Department of Radiology, University of Washington, Seattle, WA, USA.
Department of Electrical and Computer Engineering, University of Washington, Seattle, WA, USA.
Neuroinformatics. 2024 Oct;22(4):731-744. doi: 10.1007/s12021-024-09683-5. Epub 2024 Sep 11.
This study concentrates on the segmentation of intracranial aneurysms, a pivotal aspect of diagnosis and treatment planning. We aim to overcome the inherent instance imbalance and morphological variability by introducing a novel morphology and texture loss reweighting approach. Our innovative method involves the incorporation of tailored weights within the loss function of deep neural networks. Specifically designed to account for aneurysm size, shape, and texture, this approach strategically guides the model to focus on capturing discriminative information from imbalanced features. The study conducted extensive experimentation utilizing ADAM and RENJI TOF-MRA datasets to validate the proposed approach. The results of our experimentation demonstrate the remarkable effectiveness of the introduced methodology in improving aneurysm segmentation accuracy. By dynamically adapting to the variances present in aneurysm features, our model showcases promising outcomes for accurate diagnostic insights.

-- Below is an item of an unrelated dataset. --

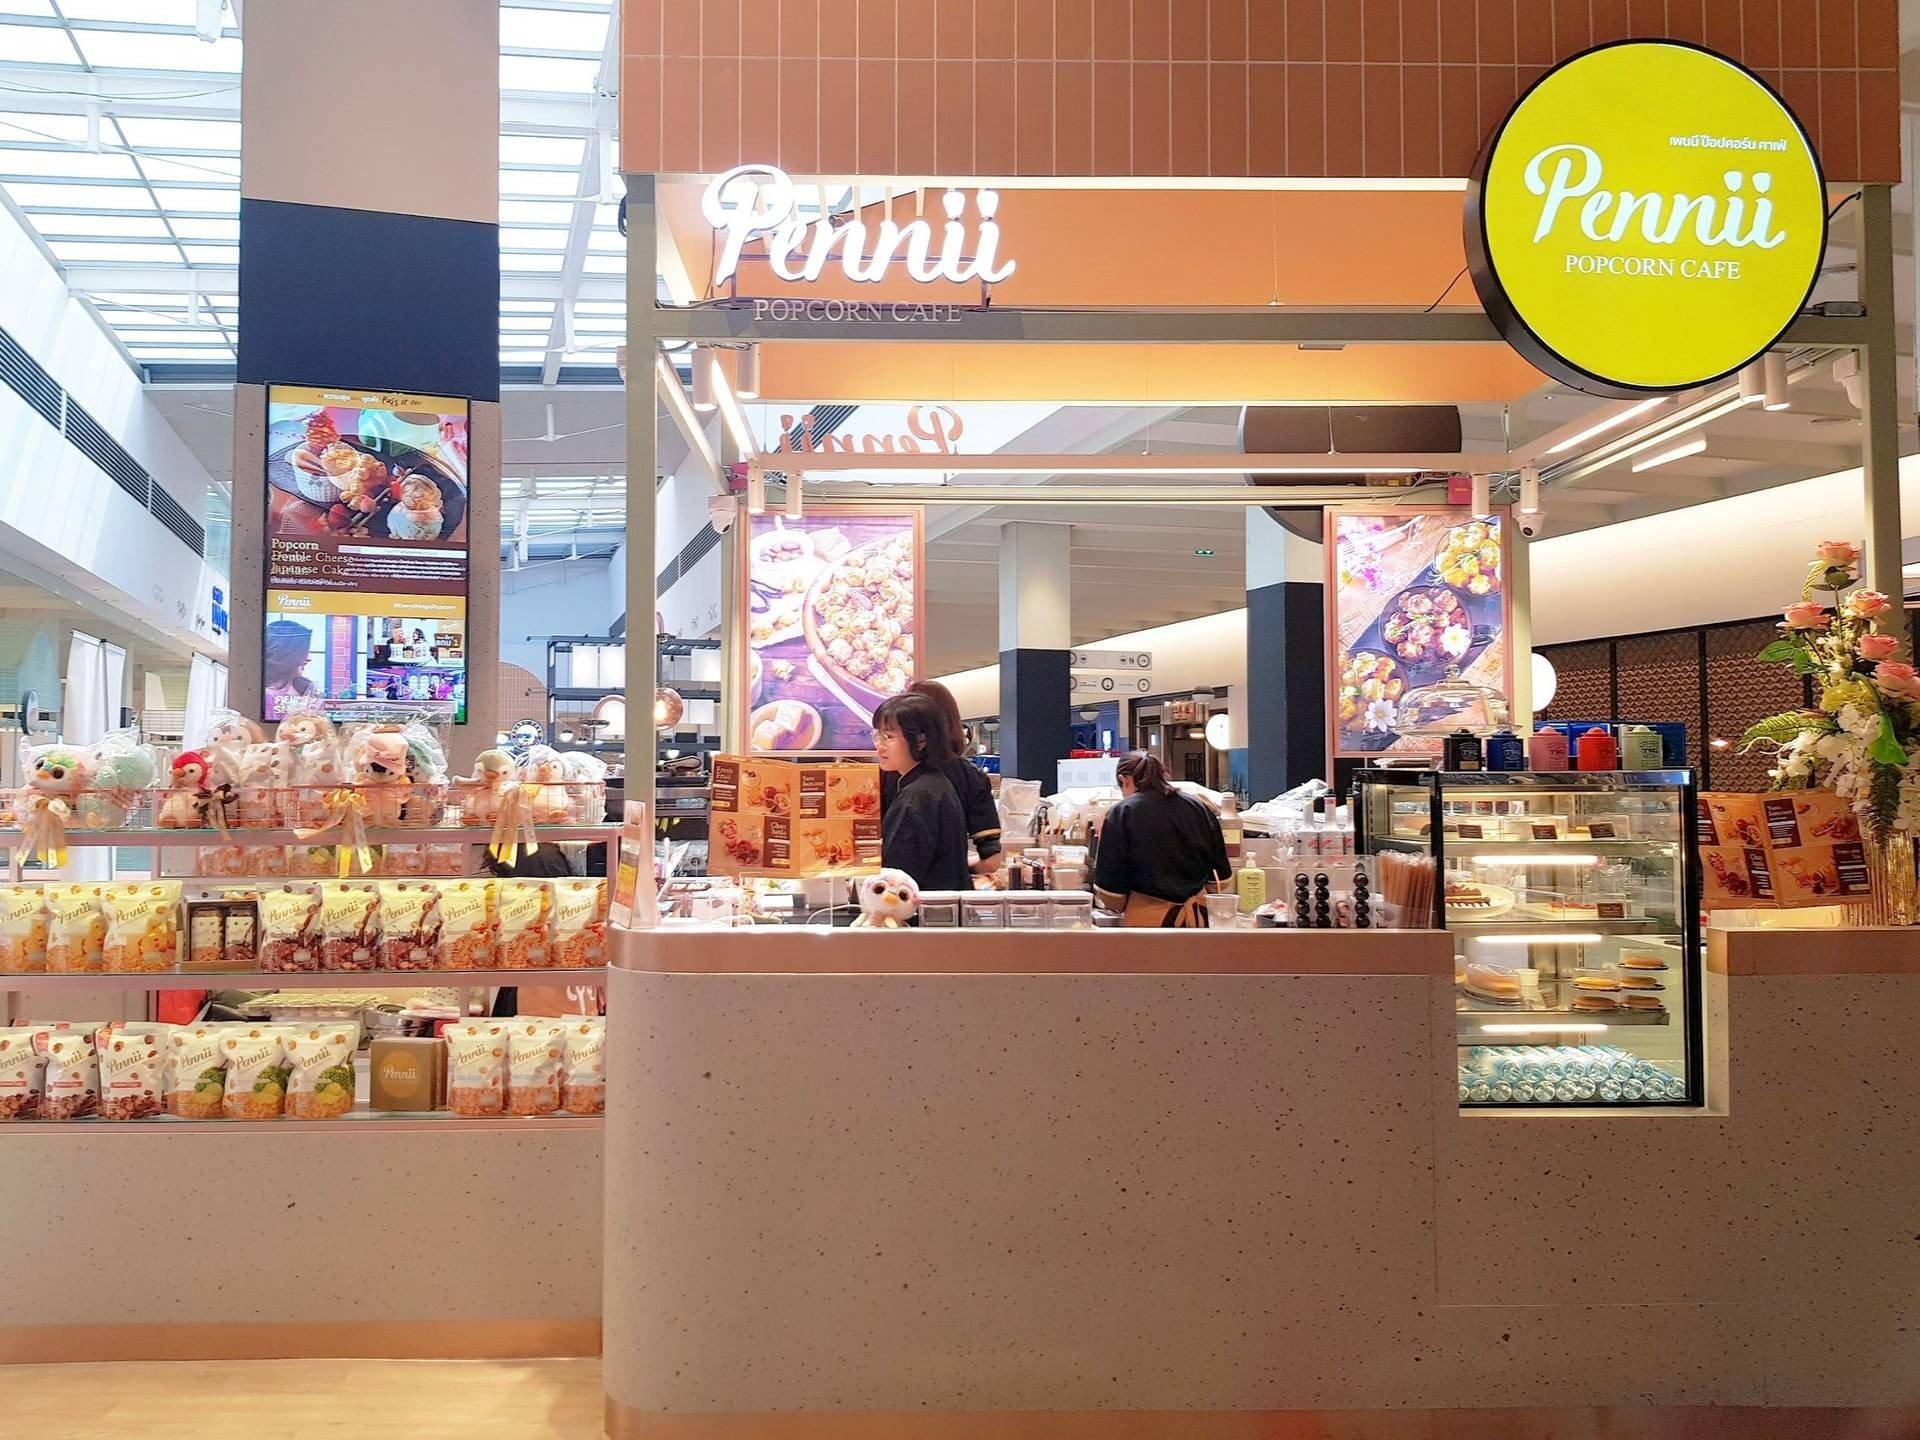 Pennii Popcorn Cafe centralwOrld

The nuanced consideration of morphological and textural nuances within the loss function proves instrumental in overcoming the challenge posed by instance imbalance. In conclusion, our study presents a nuanced solution to the intricate challenge of intracranial aneurysm segmentation. The proposed morphology and texture loss reweighting approach, with its tailored weights and dynamic adaptability, proves to be instrumental in enhancing segmentation precision. The promising outcomes from our experimentation suggest the potential for accurate diagnostic insights and informed treatment strategies, marking a significant advancement in this critical domain of medical imaging.
本研究专注于颅内动脉瘤的分割,这是诊断和治疗计划的关键方面。我们旨在通过引入新的形态和纹理损失重新加权方法来克服固有的实例不平衡和形态可变性。我们的创新方法涉及在深度神经网络的损失函数中引入定制权重。该方法专门设计用于考虑动脉瘤的大小、形状和纹理,策略性地指导模型从不平衡特征中捕获有鉴别力的信息。研究利用 ADAM 和 RENJI TOF-MRA 数据集进行了广泛的实验,以验证所提出的方法。实验结果表明,所提出的方法在提高动脉瘤分割准确性方面具有显著的效果。通过动态适应动脉瘤特征中的差异,我们的模型展示了用于准确诊断见解的有前途的结果。在损失函数中对形态和纹理细微差别进行细致考虑对于克服实例不平衡带来的挑战非常重要。总之,我们的研究提出了一种细致的解决方案,以应对颅内动脉瘤分割这一复杂的挑战。所提出的形态和纹理损失重新加权方法,通过其定制权重和动态适应性,证明在提高分割精度方面非常有效。实验的有希望的结果表明,该方法具有用于准确诊断见解和制定治疗策略的潜力,这标志着医学成像这一关键领域的重大进展。